If you want any help or anything, feel free to ping me on IRC or jabber and we can work some details out or I can give you some immediate feedback on anything you have questions on.
So how about a delta file in the sync dbs like the following: %DELTAS% oldfile.pkg.tar.gz 000md5sum000 newfile.pkg.tar.gz 000md5sum000 deltafile.delta 000md5sum000 23423 # or in bash format $oldfile $oldmd5 $newfile $newmd5 $deltafile $deltamd5 $deltasize I think you have an existing algorithm in place that we can adapt to this. I'll psuedocode it: read in delta lines build a tree of possible delta paths from $syncfilename back to each $oldfile until we can't go further, or until we find an $oldfile that we can lstat and the md5sum matches. find shortest path of our possible paths use this delta path (and since we have md5sums to verify the whole way, we can be more sure before we start downloading that it will work) Note that this whole process never worries about parsing the filename into parts, or for that matter, even opening the package file and looking at PKGINFO. -Dan
On Fri, Feb 15, 2008 at 05:29:38PM -0600, Dan McGee wrote:
So how about a delta file in the sync dbs like the following:
%DELTAS% oldfile.pkg.tar.gz 000md5sum000 newfile.pkg.tar.gz 000md5sum000 deltafile.delta 000md5sum000 23423 # or in bash format $oldfile $oldmd5 $newfile $newmd5 $deltafile $deltamd5 $deltasize
I think you have an existing algorithm in place that we can adapt to this. I'll psuedocode it:
read in delta lines build a tree of possible delta paths from $syncfilename back to each $oldfile until we can't go further, or until we find an $oldfile that we can lstat and the md5sum matches. find shortest path of our possible paths use this delta path (and since we have md5sums to verify the whole way, we can be more sure before we start downloading that it will work)

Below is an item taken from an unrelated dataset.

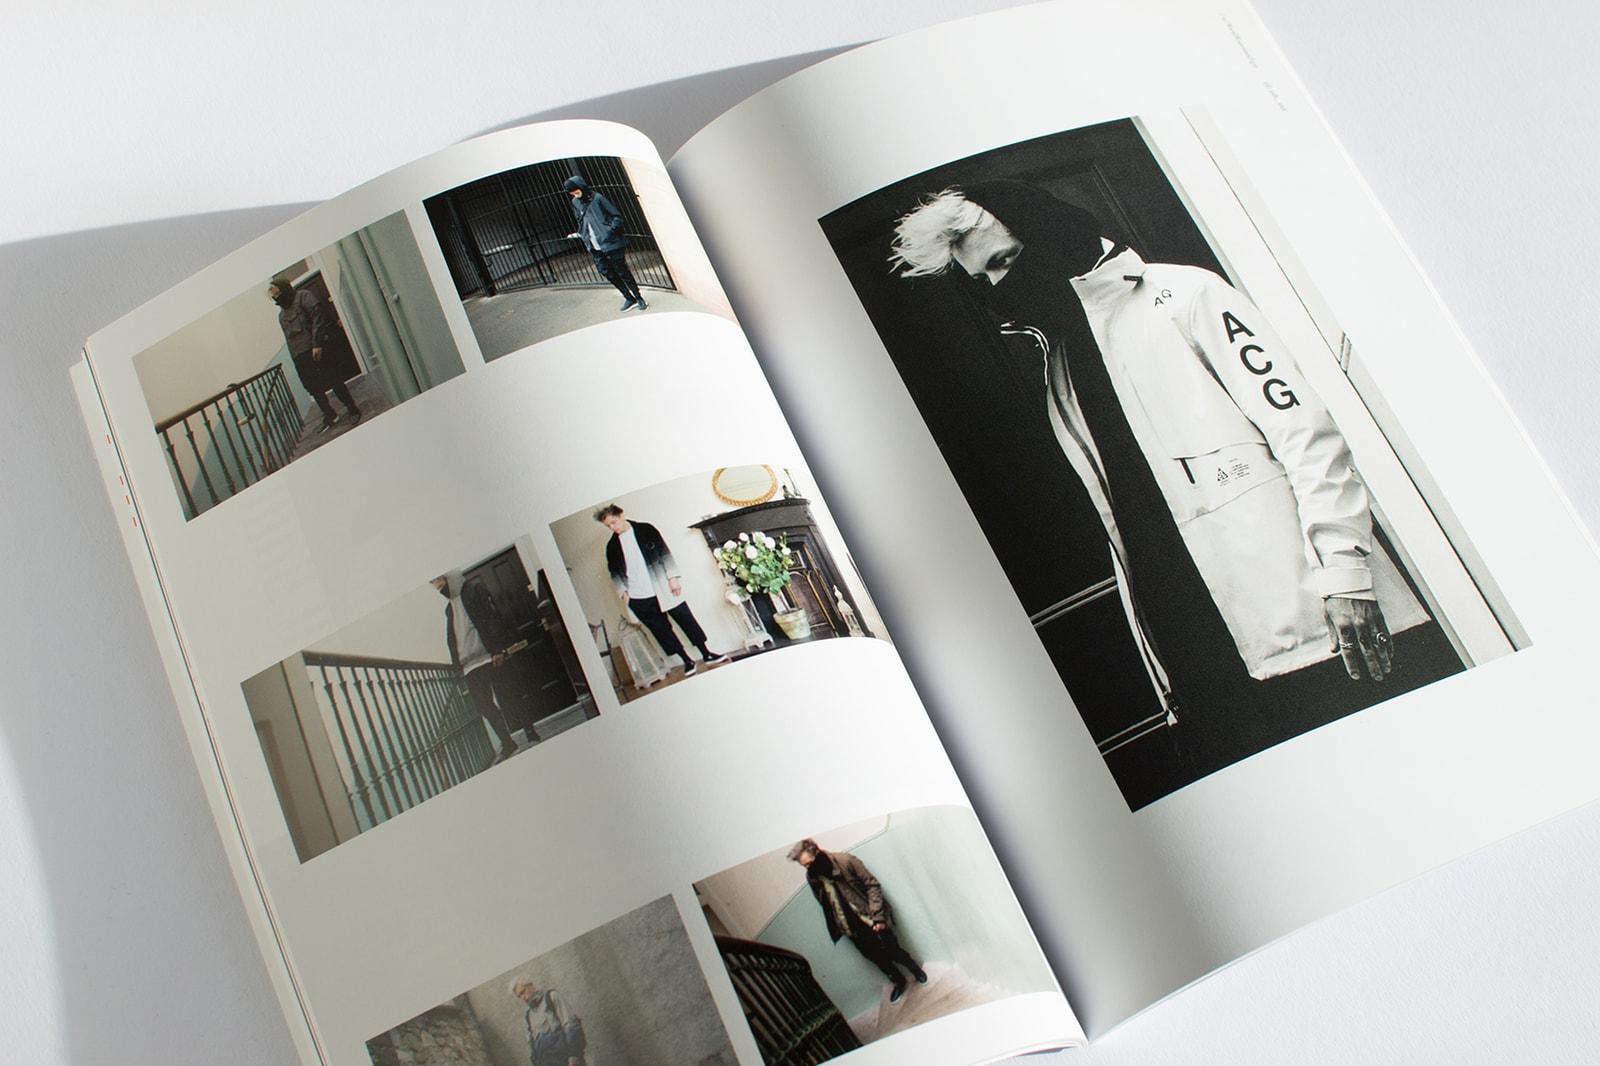 /r/streetwear Dan Hart-Davies Streetwear Supreme Gildan Print Magazine Publication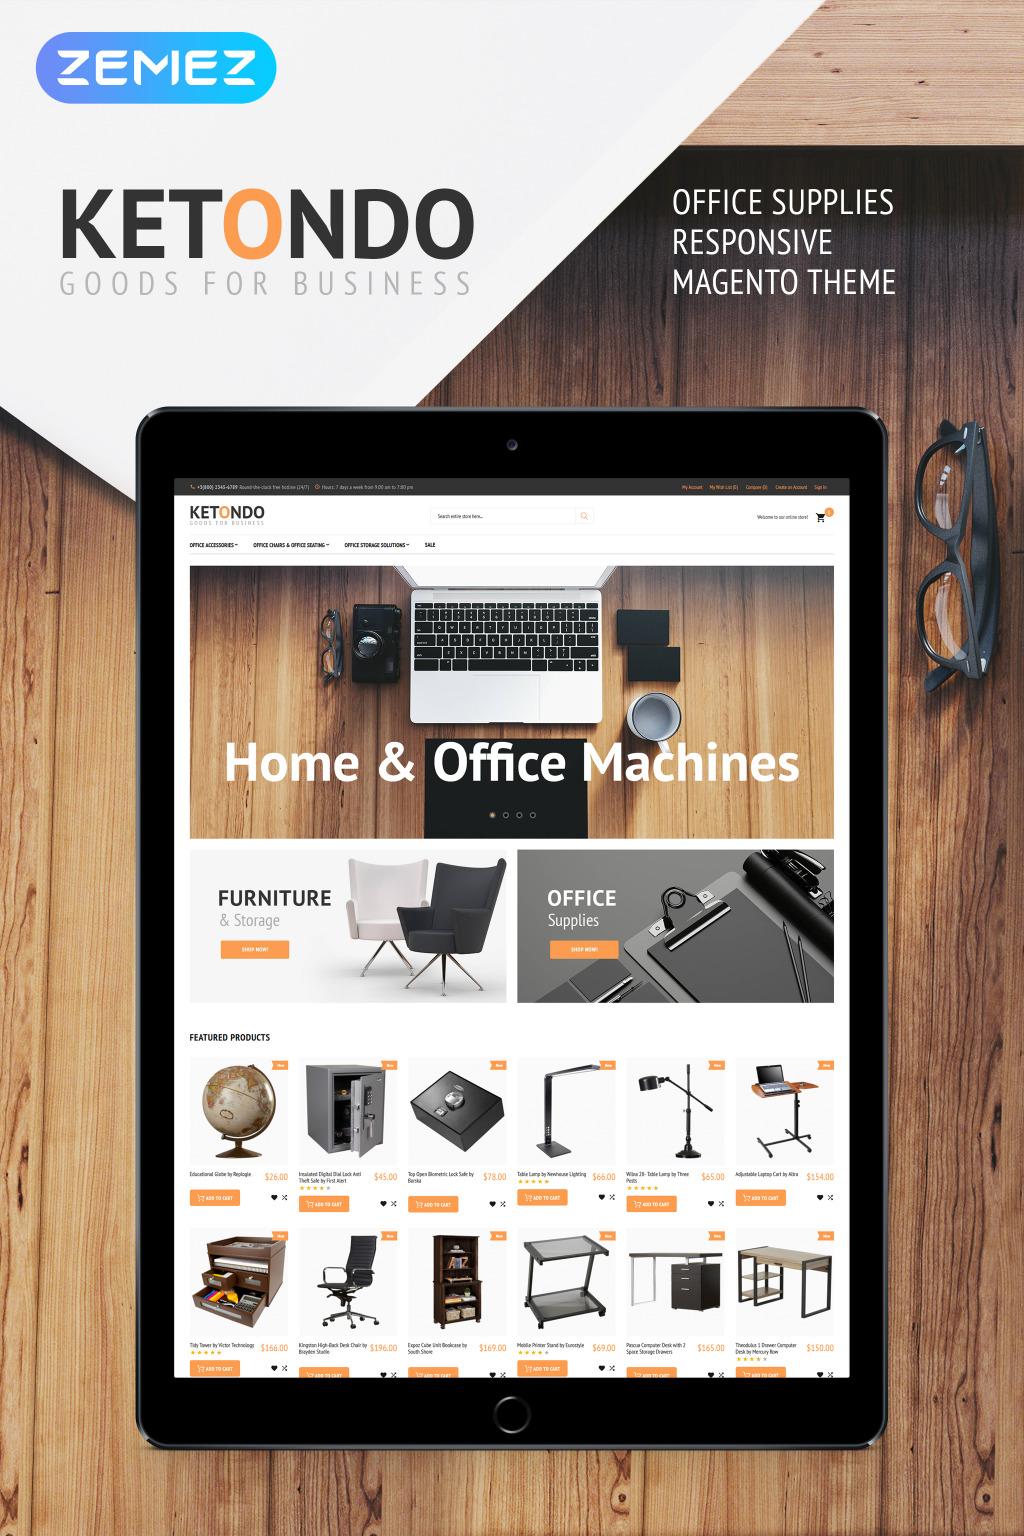 Ketondo - Office Supplies Magento Theme New Screenshots BIG

Note that this whole process never worries about parsing the filename into parts, or for that matter, even opening the package file and looking at PKGINFO.
-Dan
I was going to keep the old and new version numbers and continue to use the existing algorithm. Adding a few functions should be all that is needed to fix the filename issue: alpm_delta_find_old_filename(delta_list, old_version) alpm_delta_get_old_filename(delta) alpm_delta_get_new_filename(delta) Your algorithm is more flexible since it can use any file in the cache directory even if the package is not installed. However, I don't think that flexibility would be needed in the majority of cases.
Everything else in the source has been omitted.